We show that some Calycopis cannot be identified to the species level by their COI barcodes. Calycopis cecrops is associated with two distinct barcodes that differ by 2.6%. One of them is similar to the barcode of C. isobeon and another one is similar to the barcode of C. quintana. As evidenced by analysis of complete nuclear genomes that groups specimens in agreement with their morphology, the paraphyly of barcodes is the result of mitochondrial introgression. Our work cautions against the use of COI barcodes as a sole tool for species identification and discovery, and calls for more diligent analysis of either their morphology or their nuclear genomes. We give a definitive example of introgression, supported by complete nuclear genome sequencing that obscures the value of COI barcodes in particular and mitochondrial DNA in general for taxonomic work.

4. Material and methods

(a). Experimental procedures

All experimental procedures were the same as the ones we reported previously [9,23,38]. Briefly, bodies of specimens collected in the field were preserved in RNAlater solutions; wings and genitalia were placed in glassine envelopes. For dry specimens collected previously, abdomens were used to extract genomic DNA as described in [9,23]. Subsequently to DNA extraction, genitalia were dissected and photographed as described in [9]. Specimens were photographed with a D800 camera through a 105 mm f/2.8G AF-S VR Micro-Nikkor lens. Images were assembled and edited in Photoshop CS5.1. COI barcodes and their segments were obtained by Sanger sequencing after PCR amplification in 1 to 9 fragments depending on the specimen age as described in [9].

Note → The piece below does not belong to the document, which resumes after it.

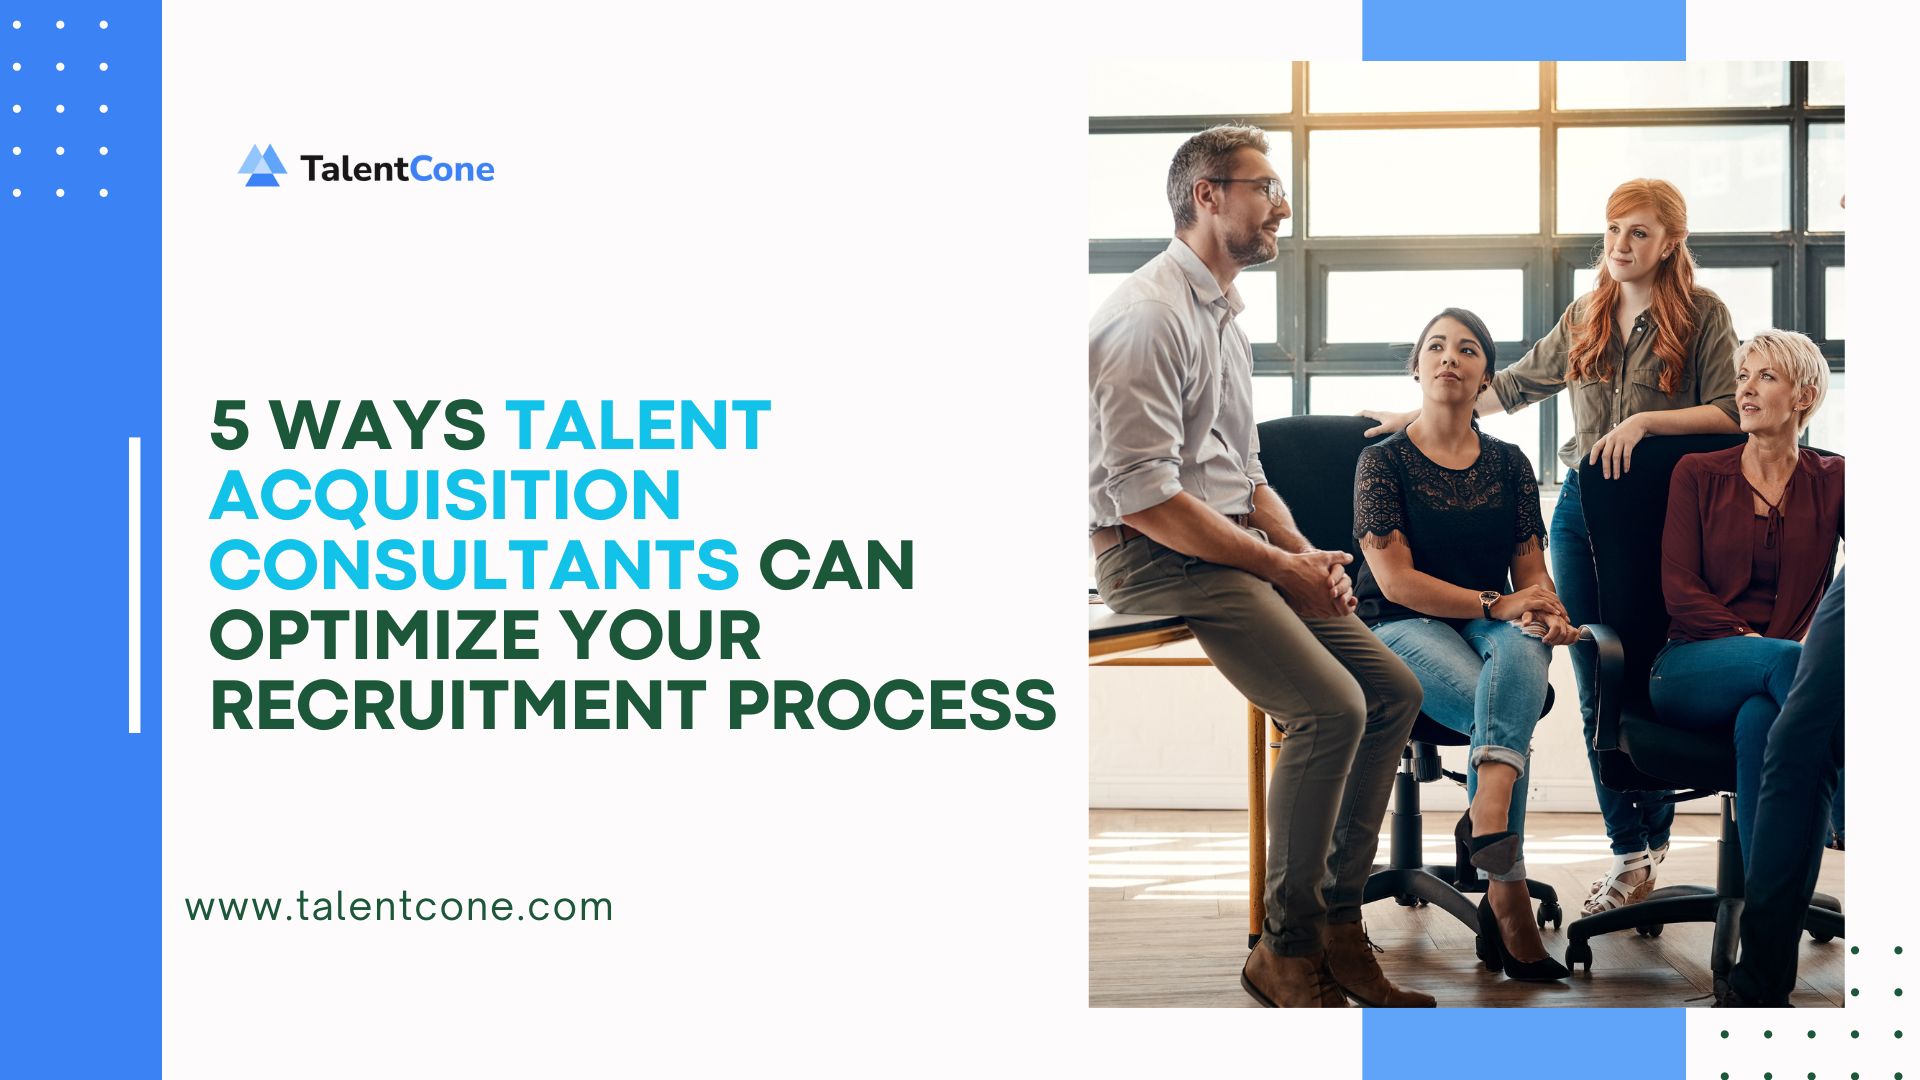 5 Ways Talent Acquisition Consultants Can Optimize Your Recruitment Process - TalentCone

The information about specimens used in this study is in electronic supplementary material, table S1. The genomes of specimens NVG-3033, NVG-3306, NVG-3307, NVG-3515, NVG-3348, NVG-4166, NVG-3978 and NVG-3431 have been obtained and reported in our previous publication. We obtained the genomes of additional 19 Calycopis specimens in this study and thus a total of 27 specimens are with whole genome sequences (as shown in figure 3). All the genomic sequence reads for these specimens are deposited at NCBI SRA database under accession SRP071639.

(b). Genomes of Calycopis specimens and phylogenetic analysis

We mapped the sequencing reads of all Calycopis specimens to the reference genome (including the mitochondrial genome) using BWA [39] and detected SNPs using the Genome Analysis ToolKit (GATK) [40]. We deduced the sequences for each specimen based on the result of GATK. Based on the gene annotations of the reference genome and the SNP calls, we derived the alignments of protein-coding sequences. We used two sequences to represent the paternal and maternal DNA in each specimen. Heterozygous alleles were randomly assigned to either paternal or maternal DNA.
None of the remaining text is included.